Throughout the pandemic, we'll keep publishing news to help you navigate the state of travel today (like whether travel insurance covers the coronavirus), as well as stories about places for you to put on your bucket list once it's safe to start going more far-flung.
If you haven’t discovered at least a dozen hidden gems in your backyard and hometown since the start of the pandemic, you’ve been doing it all wrong. But don’t worry, there’s still time to build that list. For those of us living in cities, there are plenty of weekend-long detours that will make you feel as if you’ve escaped the grind, without having to had to travel very far at all.
If You’re in Seattle or Portland
Go to Sisters, Oregon. The Suttle Lodge (from $125), three hours from Portland or five from Seattle, has everything you want in a quick summer getaway: a lake with kayaks, canoes, and SUPs on loan, a bar serving up lakefront cocktails, mountain bike trails nearby in Deschutes National Forest, and musicians playing music around the campfire most nights. Stay in one of 11 newly restored lodge rooms or 16 rustic cabins on Suttle Lake.
If You’re in San Francisco or Los Angeles
Go to Mammoth Lakes, California. It’s a six-hour drive from San Francisco, or five hours from Los Angeles. Mammoth Mountain is staying open for skiing through Memorial Day; then the resort offers lift-accessed mountain biking, hiking trails, and scenic gondola rides.
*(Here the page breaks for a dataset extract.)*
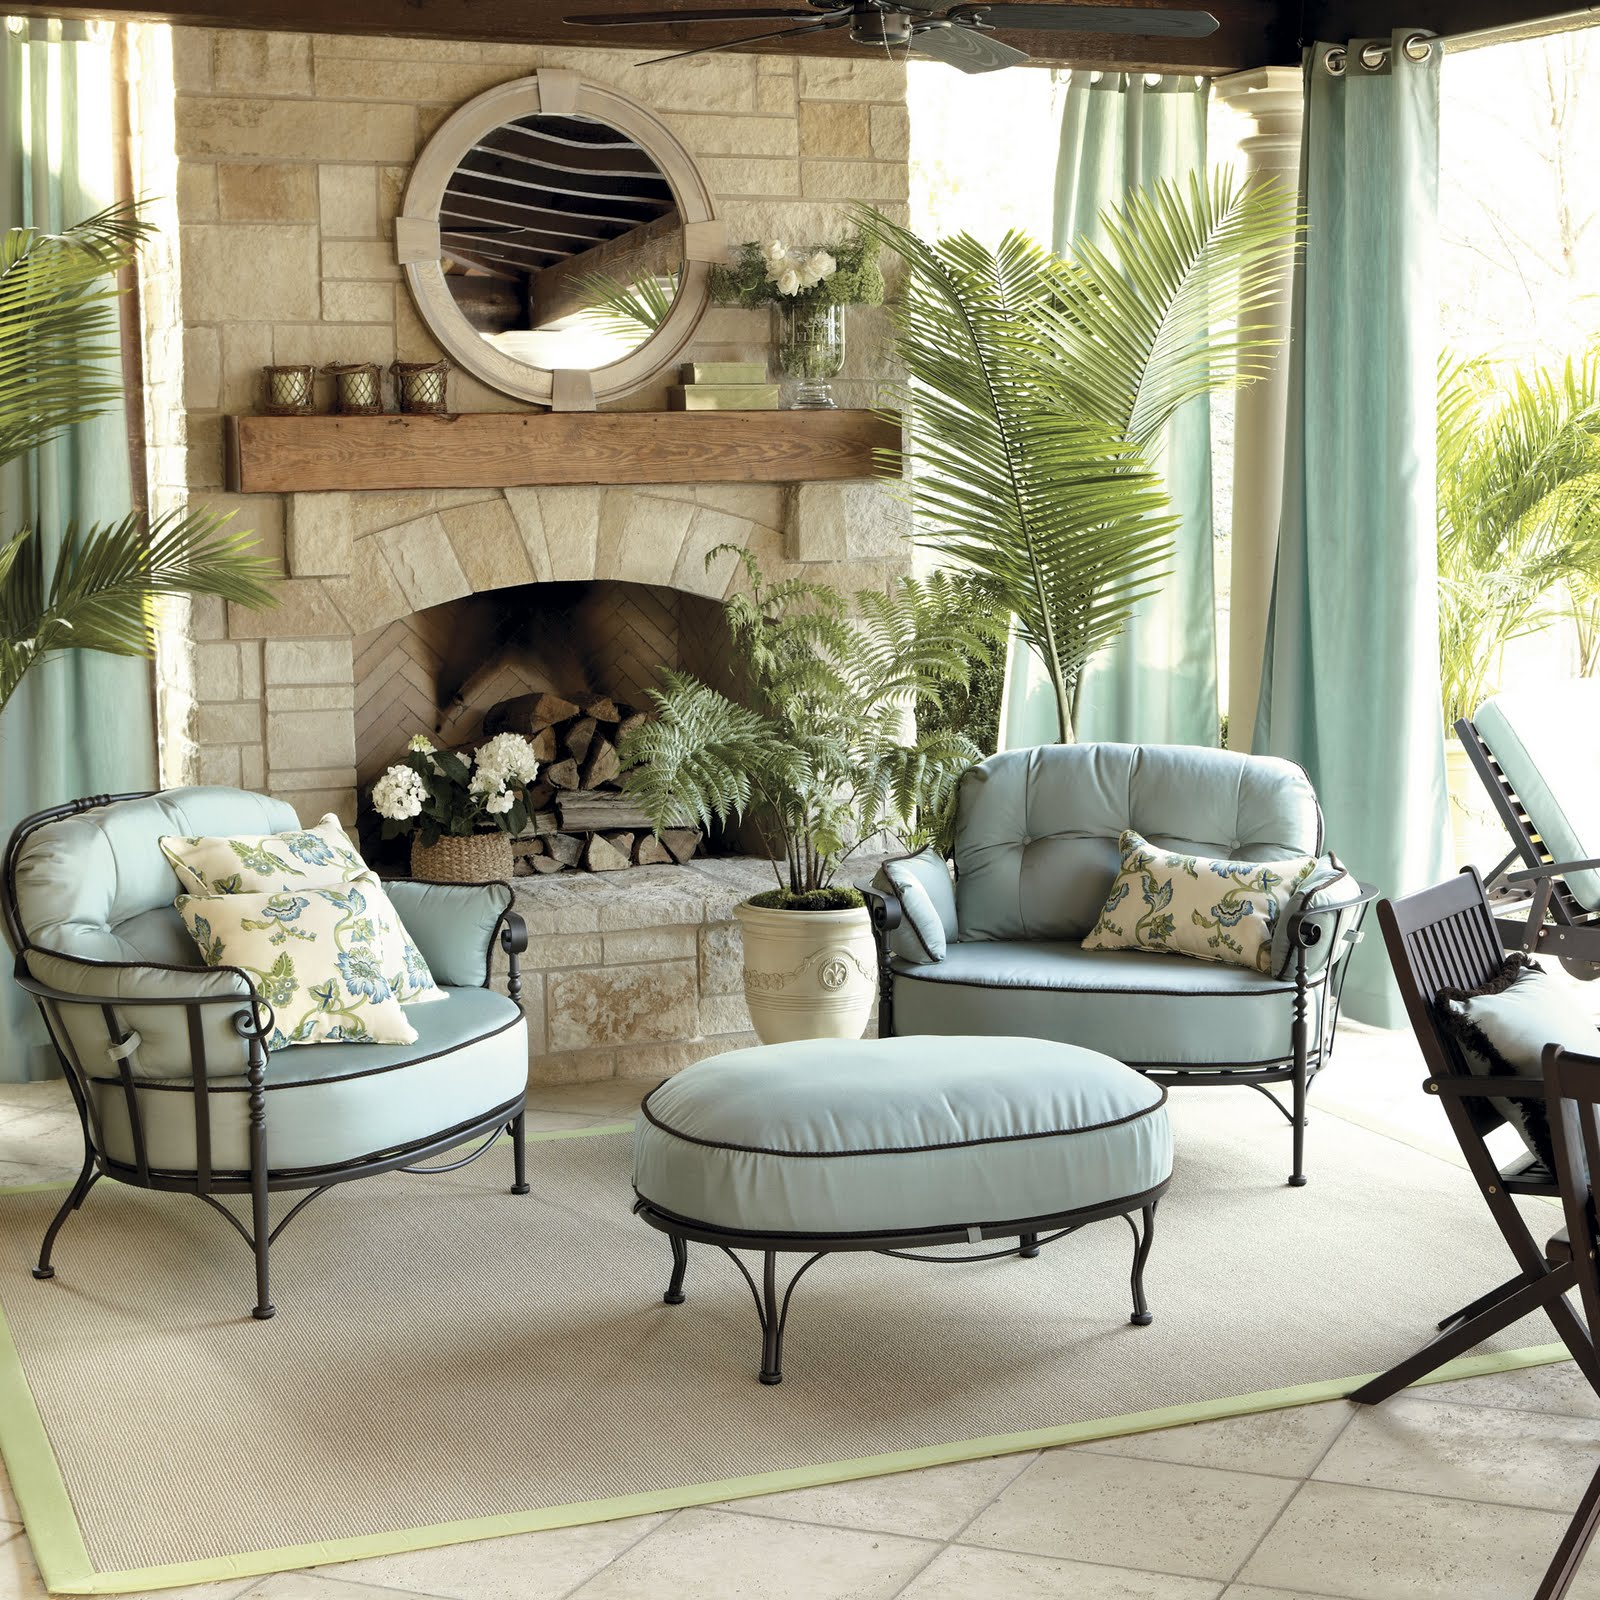 Outdoor Living Room Design: STYLEBEAT: BALLARD DESIGNS TAPS ATLANTA'S SUZANNE KASLER

Need a camping rig? TrekkerVans has rental campervans you can pick up in L.A. or San Francisco. Or check in to the Sierra Nevada Resort (from $169), which has independent chalets.
If You’re in Boston or New York
Go to North Adams, Massachusetts. A three-hour drive west of Boston and a 3.5-hour haul from New York City, the northern Berkshires in the spring is a good place to be: the summer crowds haven’t arrived yet and hiking on a stretch of the Appalachian Trail is good to go. For birdwatchers, you’ll find plenty of action at the Audubon Society’s Pleasant Valley Wildlife Sanctuary in Lenox, which has seven miles of hiking trails. Stay at Historic Valley Campground, 1.5 miles from downtown North Adams, which has 100 lakeside and wooded sites for RVs, campers, and tents (from $25). Pick up barbecue and a growler of craft beer at Bright Ideas Brewing in town.
If You’re in Atlanta
Go to Ellijay, Georgia. Less than two hours from Atlanta, this is a mountain biker’s dream spot, but there’s plenty to do here—from hiking to fly-fishing through Chattahoochee National Forest—if you don’t ride bikes. Stay in a cabin or park your van or RV at Mulberry Gap (from $70 per person) and you’ll have miles of singletrack and gravel riding from your door.
If You’re in Chicago
Go to Starved Rock State Park, Illinois. Its waterfalls and wildflowers come alive in the springtime, and the park’s campground and lodge see relatively fewer crowds. Hike into the sandstone canyons or scenic bluffs via 13 miles of marked trails or fish for white bass and walleye in the Illinois River. Less than two hours by car from Chicago, the park has a sprawling campground (from $25) and a historic lodge (from $120), built in the 1930s by the Civilian Conservation Corps.